Background
Previous testing undertaken by a University of Minnesota research team, later replicated by AAF Flanders in our biological research laboratory at the Clean AIR Center, demonstrated that air filtration reduced not only airborne particles within the 0.5-1.0 micron size range that viruses tend to travel on, but also the virus particles themselves. For this study, the university researchers used the Porcine Reproductive Respiratory Syndrome (PRRS) Virus as the test organism for the bioaerosol tests. Because the PRRS virus studied previously is much smaller and behaves differently than the new coronavirus that causes COVID-19, AAF Flanders researchers sought answers to the question:
Could a member of the coronavirus family also be filtered out of the airstream?
Because SARS-CoV-2, the coronavirus that causes COVID-19, is highly infectious to humans, our biological research team tested penetration rates for various air filters using the Porcine Epidemic Diarrhea (PED) virus as a surrogate.
Like SARS-CoV-2, the PED virus:
- Is a member of the coronavirus family
- Is of similar size
- Behaves similarly in aerosol
Fortunately, however, the PED virus is not known to infect humans, making it a safe surrogate for the AAF research trial.
Our Facilities
Opening in 2016, the AAF Flanders Clean AIR Center (CAC) boasts 39,000 square feet of space that houses our media and materials lab, an ABSL-2 biosafety research lab, five certified ASHRAE 52.2 test ducts, and a UL-certified test duct. The unique combination of biosafety capabilities and ASHRAE test ducts positions AAF Flanders as the worldwide leader in air filtration innovation, allowing us to test our air filters for removal of airborne pathogens, such as bacteria and viruses. These capabilities of the CAC make AAF Flanders the only filtration company able to replicate the University of Minnesota research that demonstrates that particle efficiency corresponds to viral removal.
Methodology
We used essentially the same methodology as was used with the PRRS-V testing performed previously, but at higher rates of airflow (1968 CFM, as commonly used for ASHRAE 52.2 testing, rather than 650 CFM) and substituted the PED vaccine for the PRRS-V vaccine.

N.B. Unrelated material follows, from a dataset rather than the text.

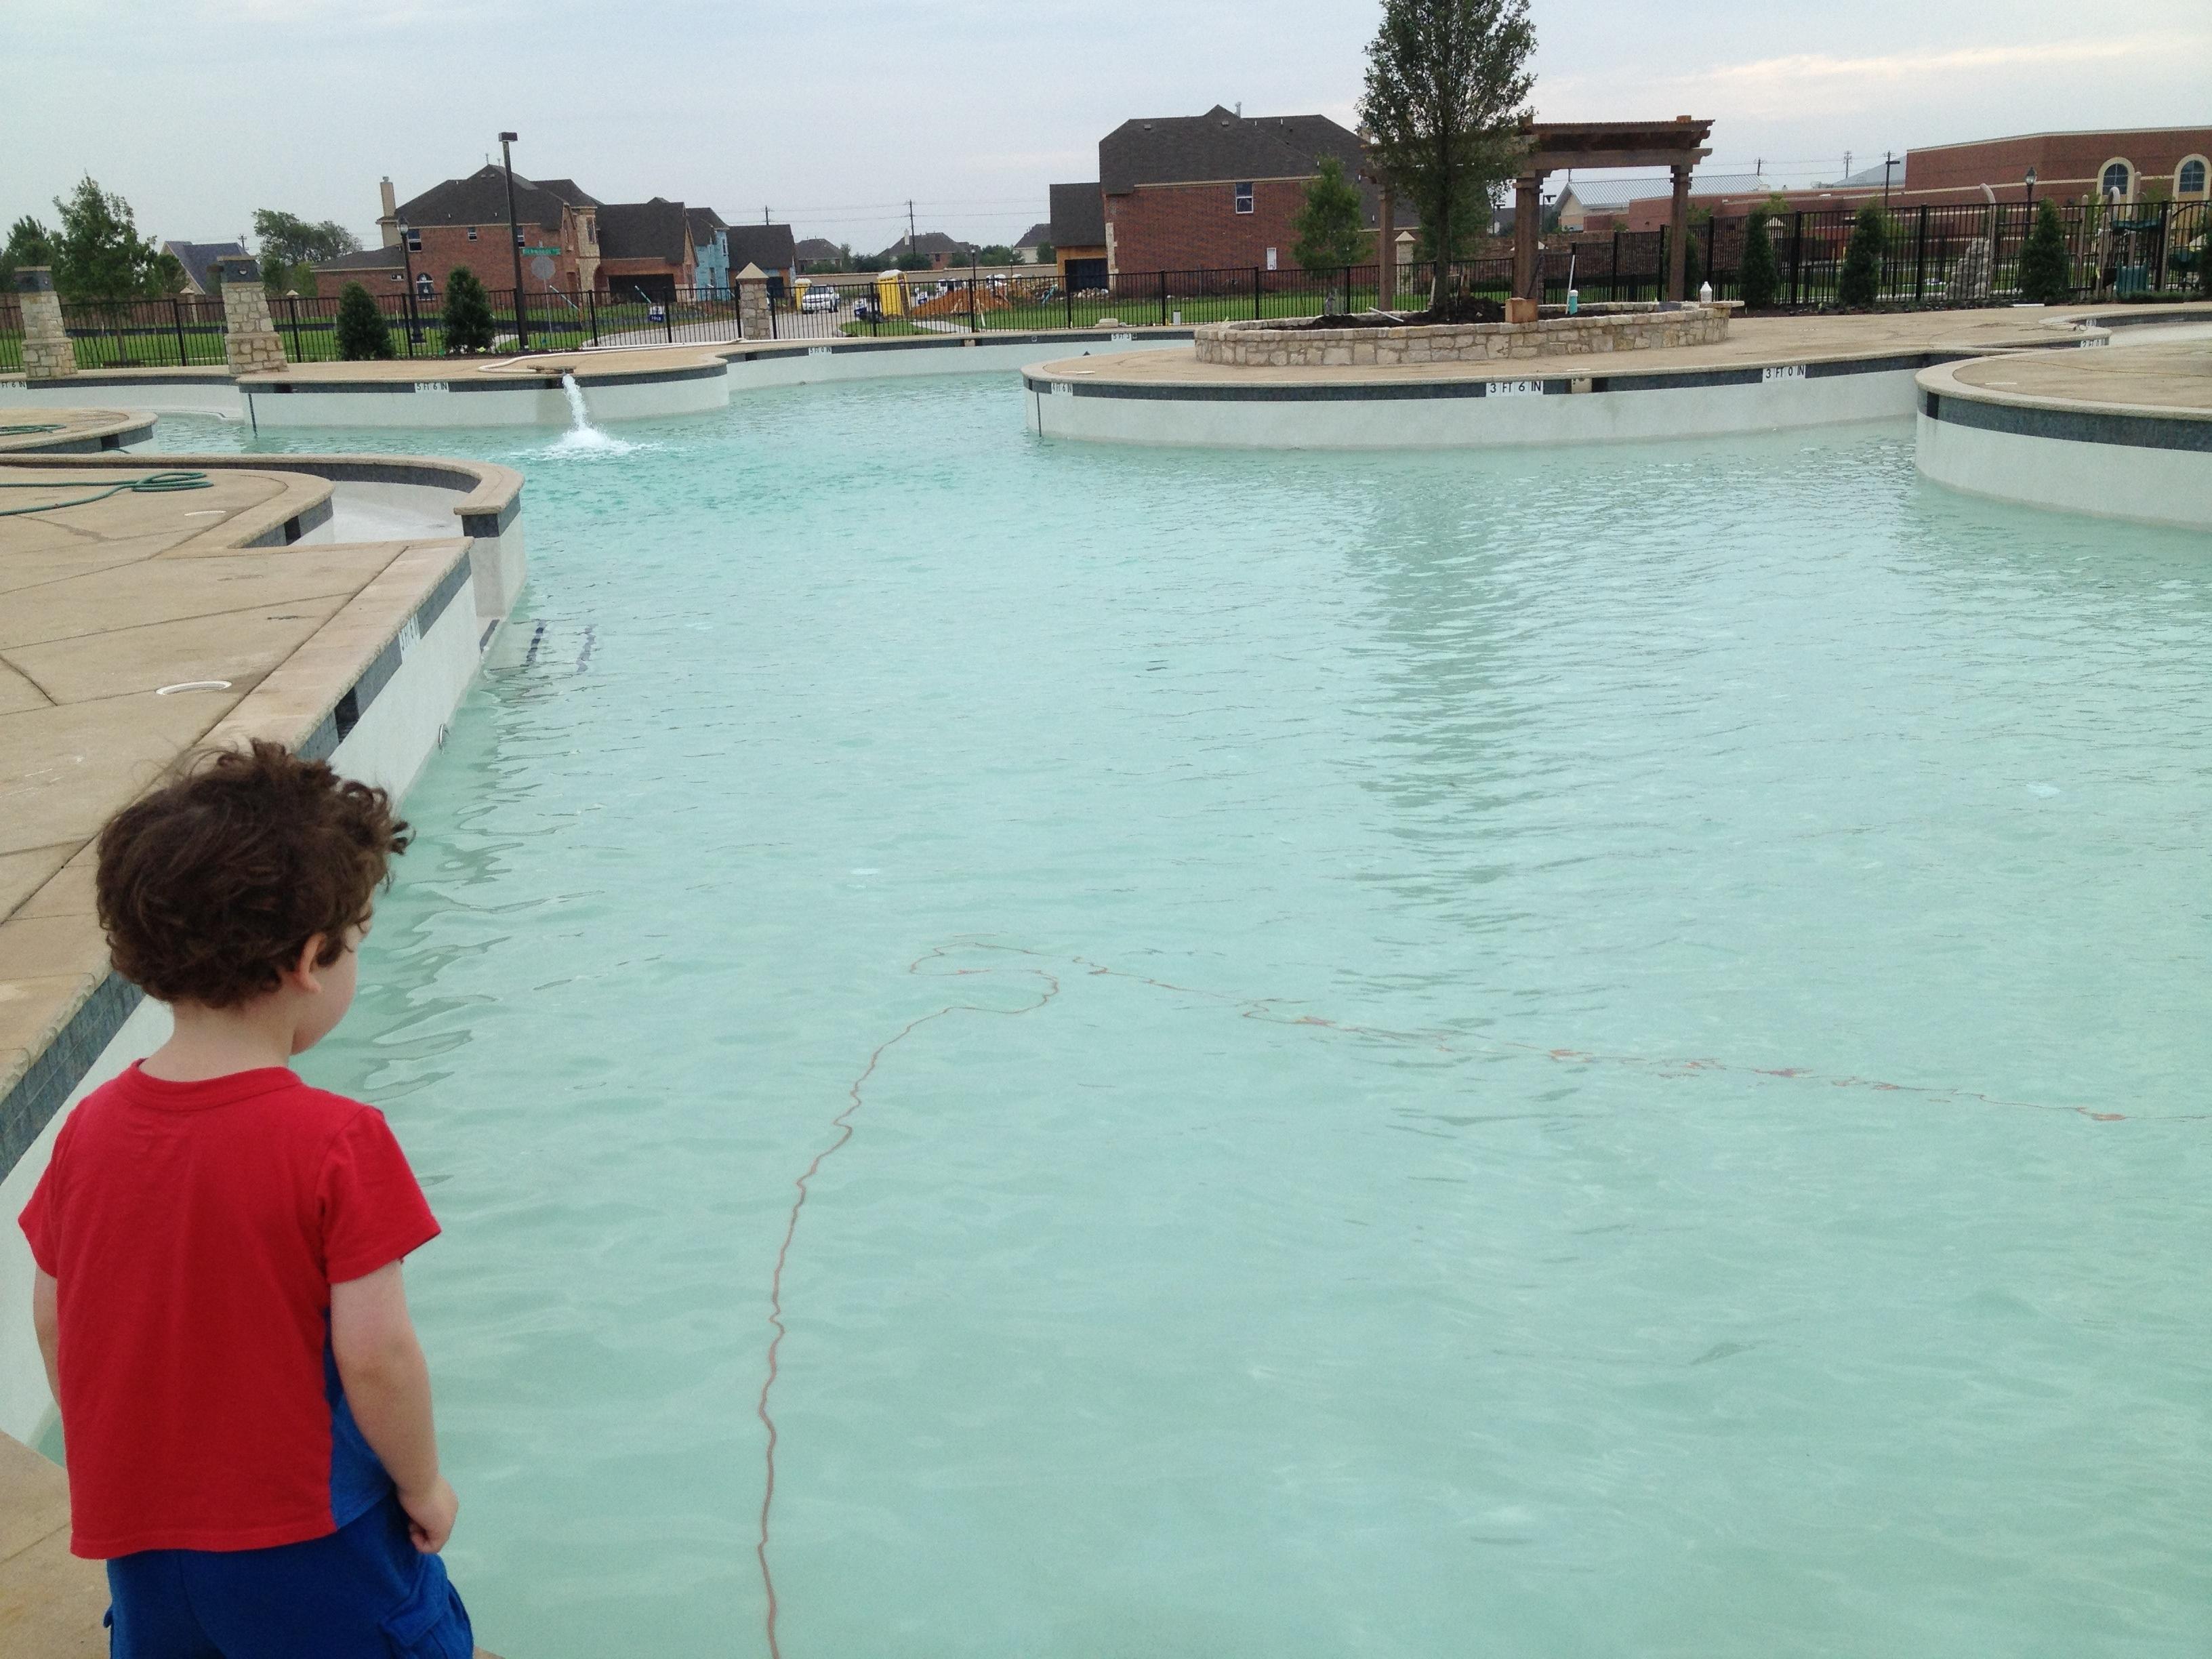 Richwoods Pool In Frisco Has Water Update Frisco Richwoods Lexington Frisco Phillips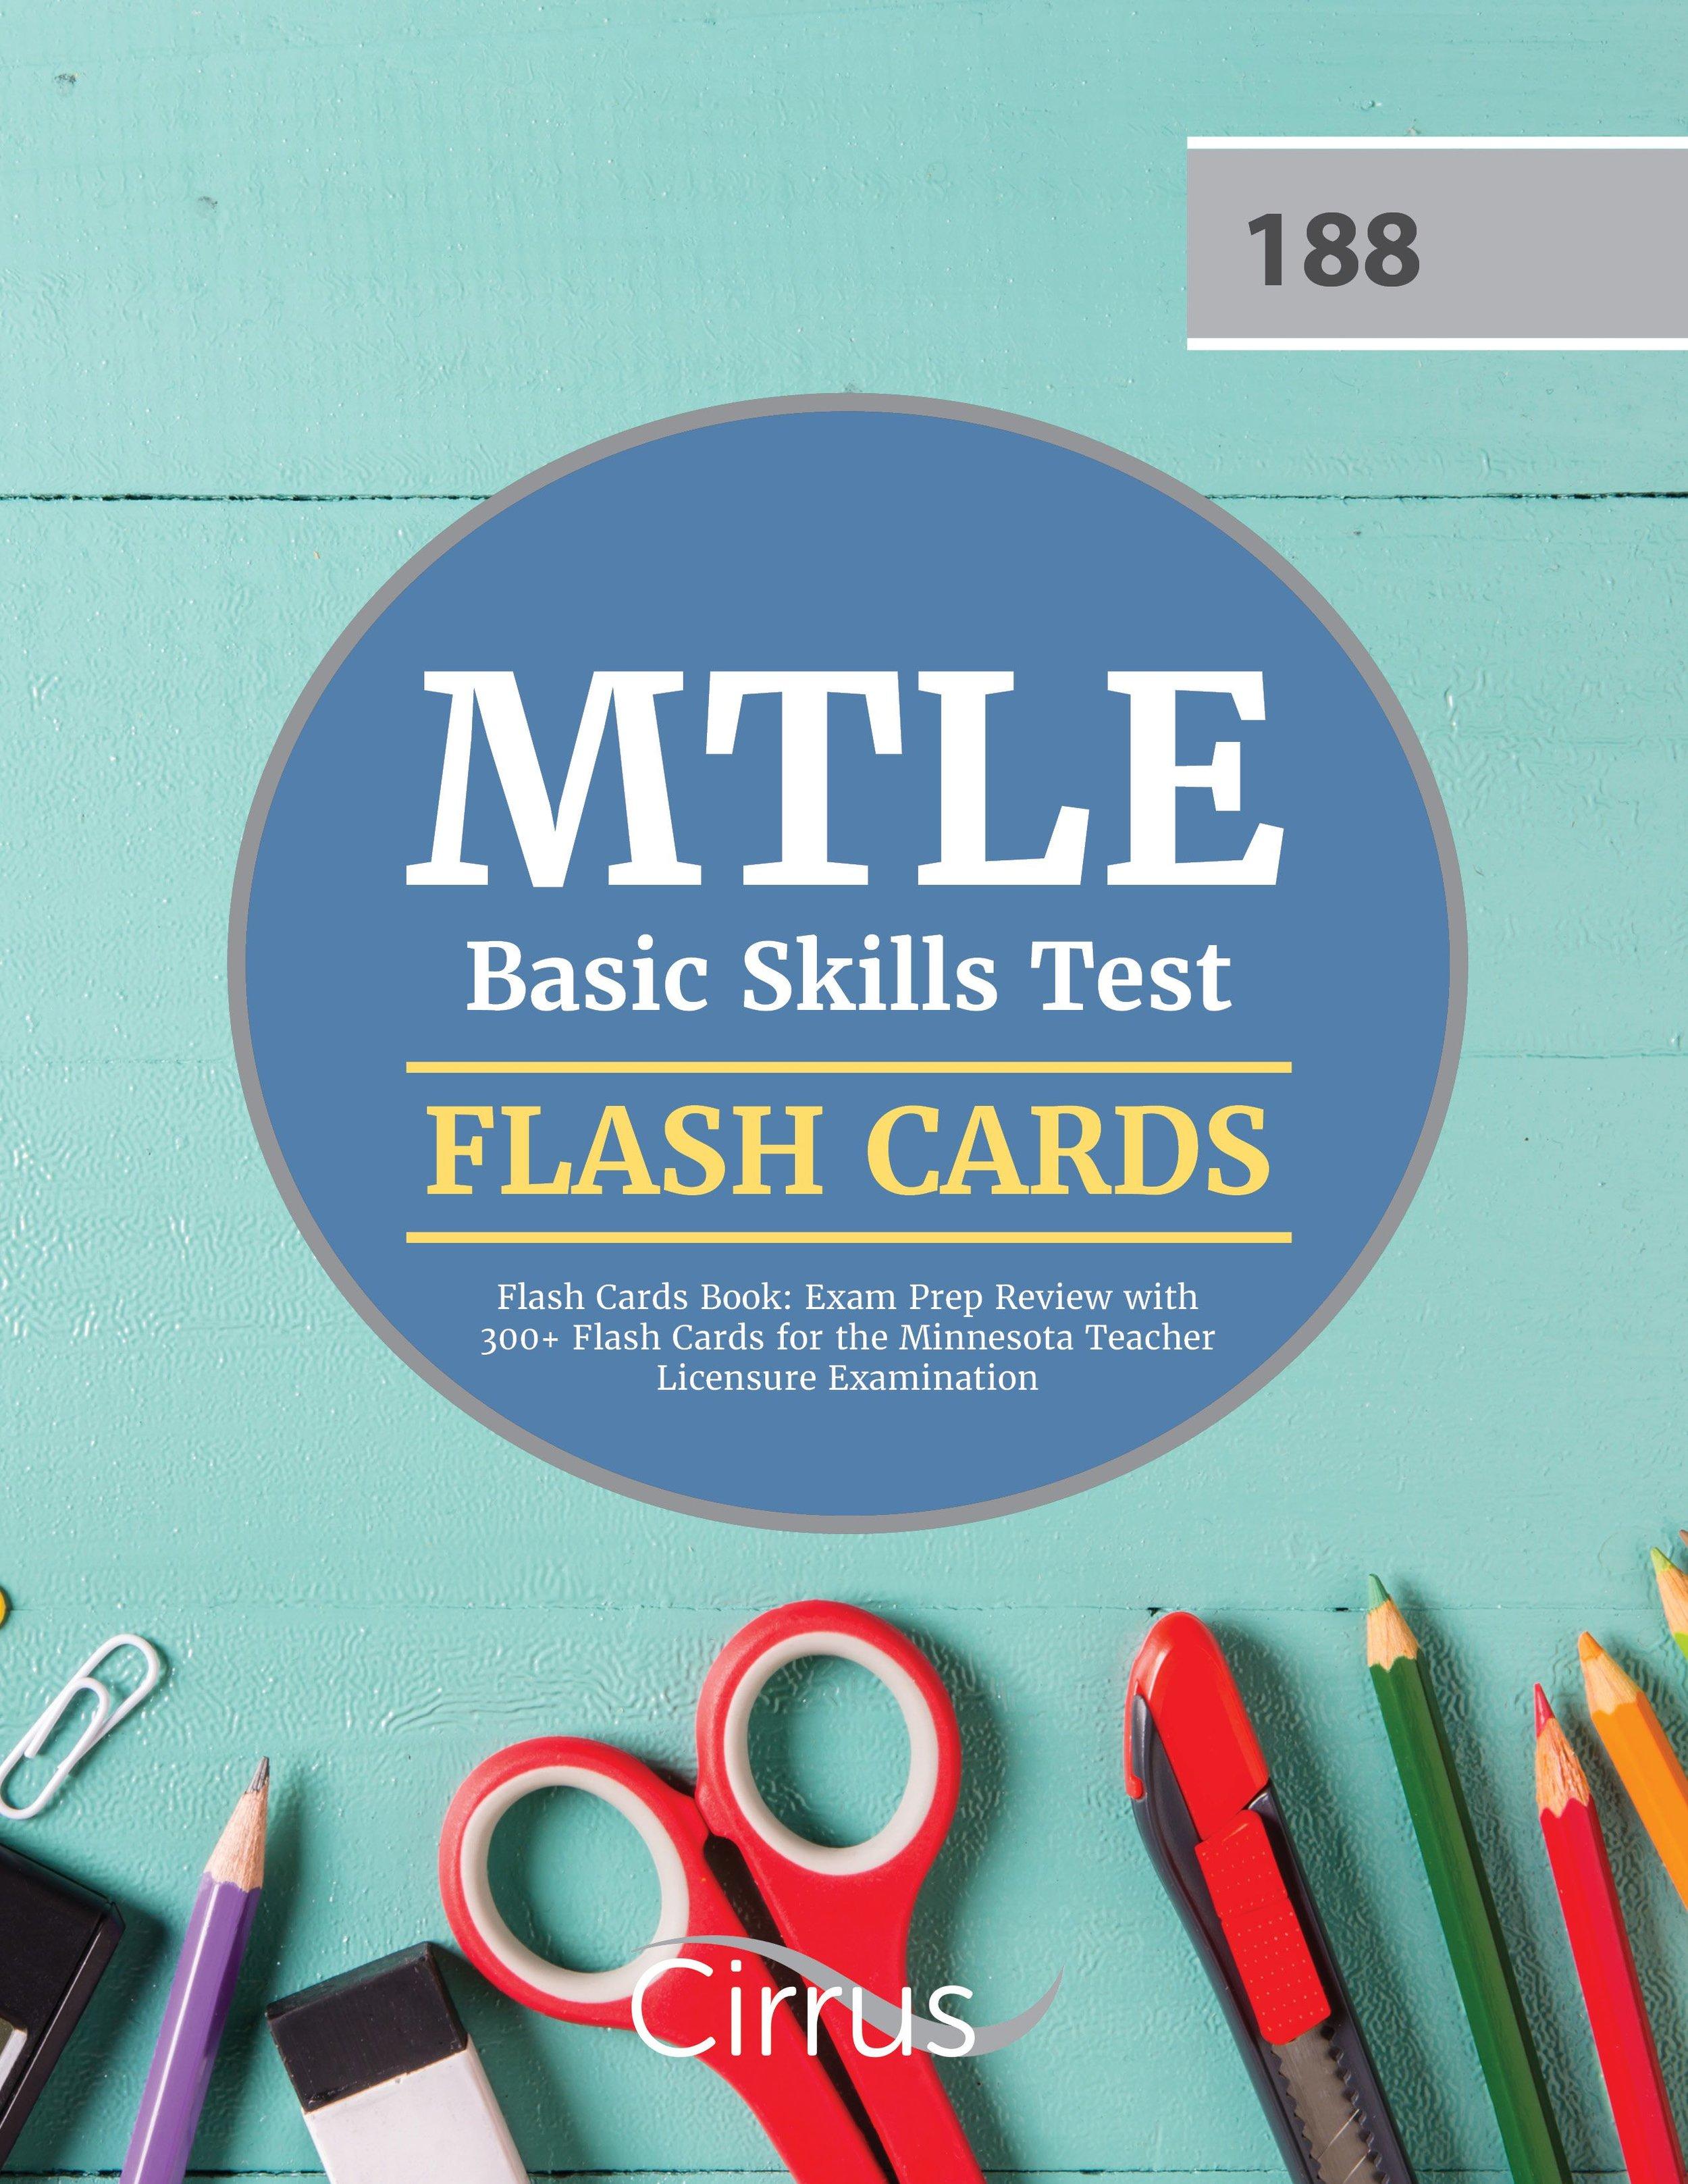 MTLE Basic Skills Test Exam Prep Review 188

- First, we created an aerosol containing 10% Potassium Chloride (KCl), a fluorescent tracer dye to determine particle distribution by mass, and a PED vaccine with a virus concentration of 108 (or 100 million).
- The KCl was generated at particle sizes corresponding to a typical ASHRAE test size range, 0.3-10 micron, along with some larger sizes.
- That aerosol was introduced into an ASHRAE test duct and drawn through individual air filters at 1968 CFM, while keeping temperature, humidity, and other parameters at ASHRAE 52.2-prescribed levels.
- We collected air samples before and after each filter with an Anderson Cascade Impactor, which separates and collects particles by size.
- We then analyzed the collected samples. First, we isolated and purified the virus in each sample. The purified virus in the samples was prepared for testing using Reverse Transcription Polymerase Chain Reaction (RTPCR) where the data generated was used to determine virus concentration per cubic meter of air. Last, we quantified the overall particle distribution by mass as a positive test control.
- Using this viral concentration data, we calculated the penetration and viral efficiency rates for each filter vs. individual particle sizes.
- The resulting data is shown on the tables included in the remainder of this document.
***This methodology is based on previous successful virus capture methodologies utilizing comparisons between standard ASHRAE 52.2 and predictive analysis based on virus carriers. The filter is only one component and the overall system and the test results should be viewed as directional depending on the complete HVAC environment.
Conclusion
Yes, the percentage of airborne coronavirus-carrying particles reduced by air filtration correlates with particle efficiency.